The shuttle fell toward the planet’s g
ravity well, shuddering as it hit the upper atmosphere. They were close enough to make out the gray plains and the ridges that marked the ruined city. Luke leaned forward to type a course into the shuttle’s nav screen. “This is where the Falcon is, if it’s still there.”
“If?” Han managed to get a world of appalled recrimination into that one word.
From the back, Chewbacca groaned.
“Hey, I was stunned,” Luke protested. “I don’t know what happened. But I code-locked the hatch, and C-3PO was in there, so Itran couldn’t get back inside.”
“Why didn’t he call the Aegis?” Leia asked, over some expressive cursing from Han that they didn’t have time for.

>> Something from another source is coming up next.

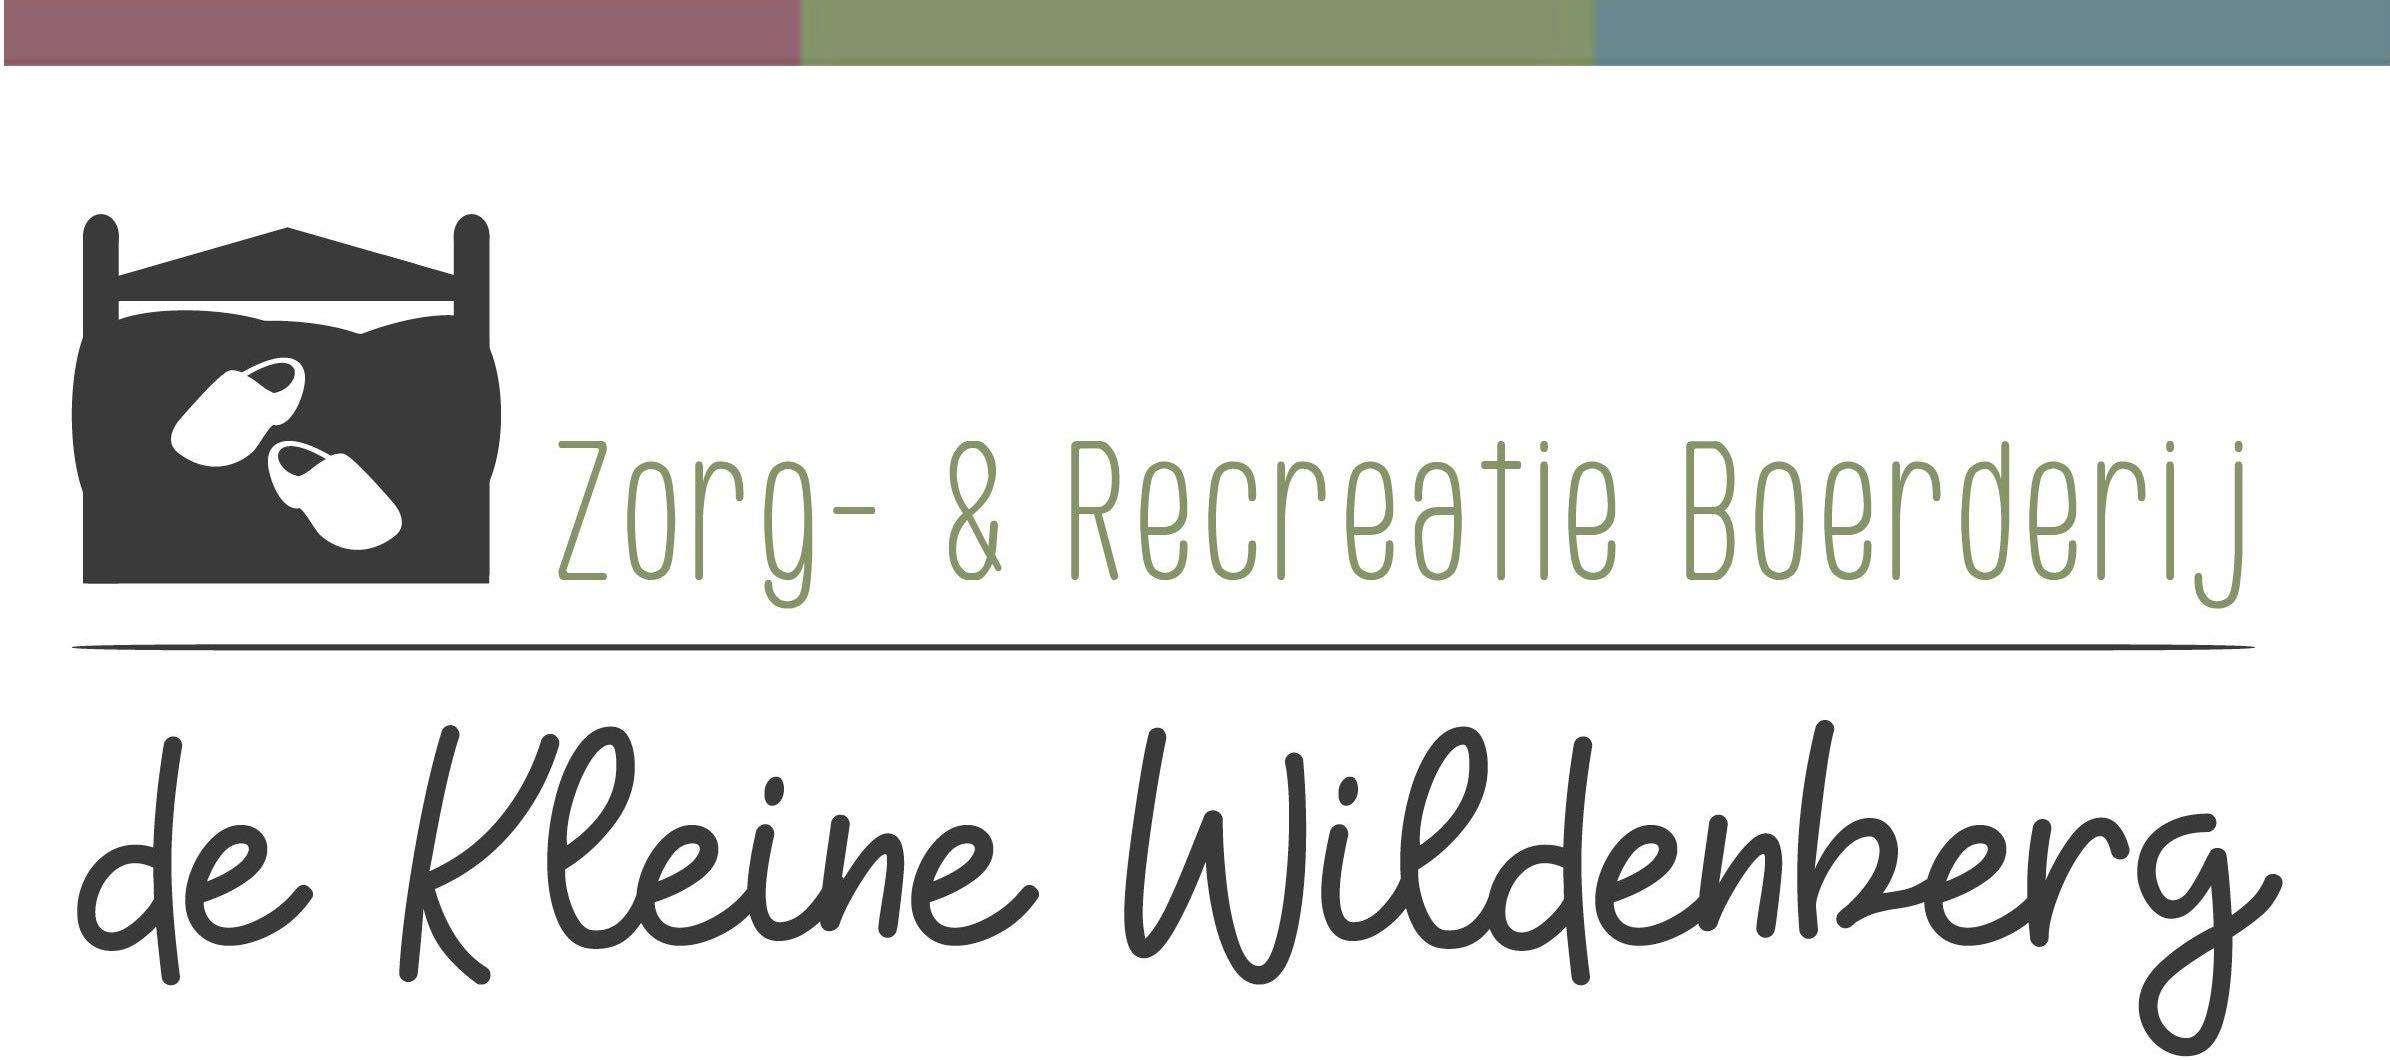 de Kleine Wildenberg

Luke shook his head. “I was having trouble with the comm after I landed. I think the field is stronger on the surface; he probably couldn’t get a signal through.”
Following Luke’s directions, Han brought the shuttle down over the empty stone city, past shattered towers and circular streets covered by sand drifts and vegetation. As the Millennium Falcon came into sight, still parked on the plaza where Luke had left it, there was a collective sigh of relief. Leia felt her heart unclench for Han and Chewie’s sake, and for Sian. The Falcon had enough medical supplies on board to treat a blaster burn and stabilize her, at least until they could get her to the fleet.
Han landed the shuttle nearby and they hurriedly disembarked. Sian was conscious but in pain, and Luke carried her into the Falcon while Han ran ahead to start prepping the ship for a fast launch. The hatch slid open as he reached the ramp, revealing the gold droid. C-3PO said, “Oh, you’re back! I was so worried! And I think Master Itran has been behaving very suspiciously.”
Han shouldered past them and Leia said, “Thank you, C-3PO. Please get the emergency medical station ready, we have wounded.”
“At once, Your Highness. Oh, but where is R2?”
“He’s fine. He’s with General Willard, heading back to the fleet,” Leia told him. Relieved, C-3PO hurried away as Chewbacca dragged Itran out of the shuttle. Once they were all safely inside the ship, Leia left Luke getting Sian settled on a bunk and went to the cockpit.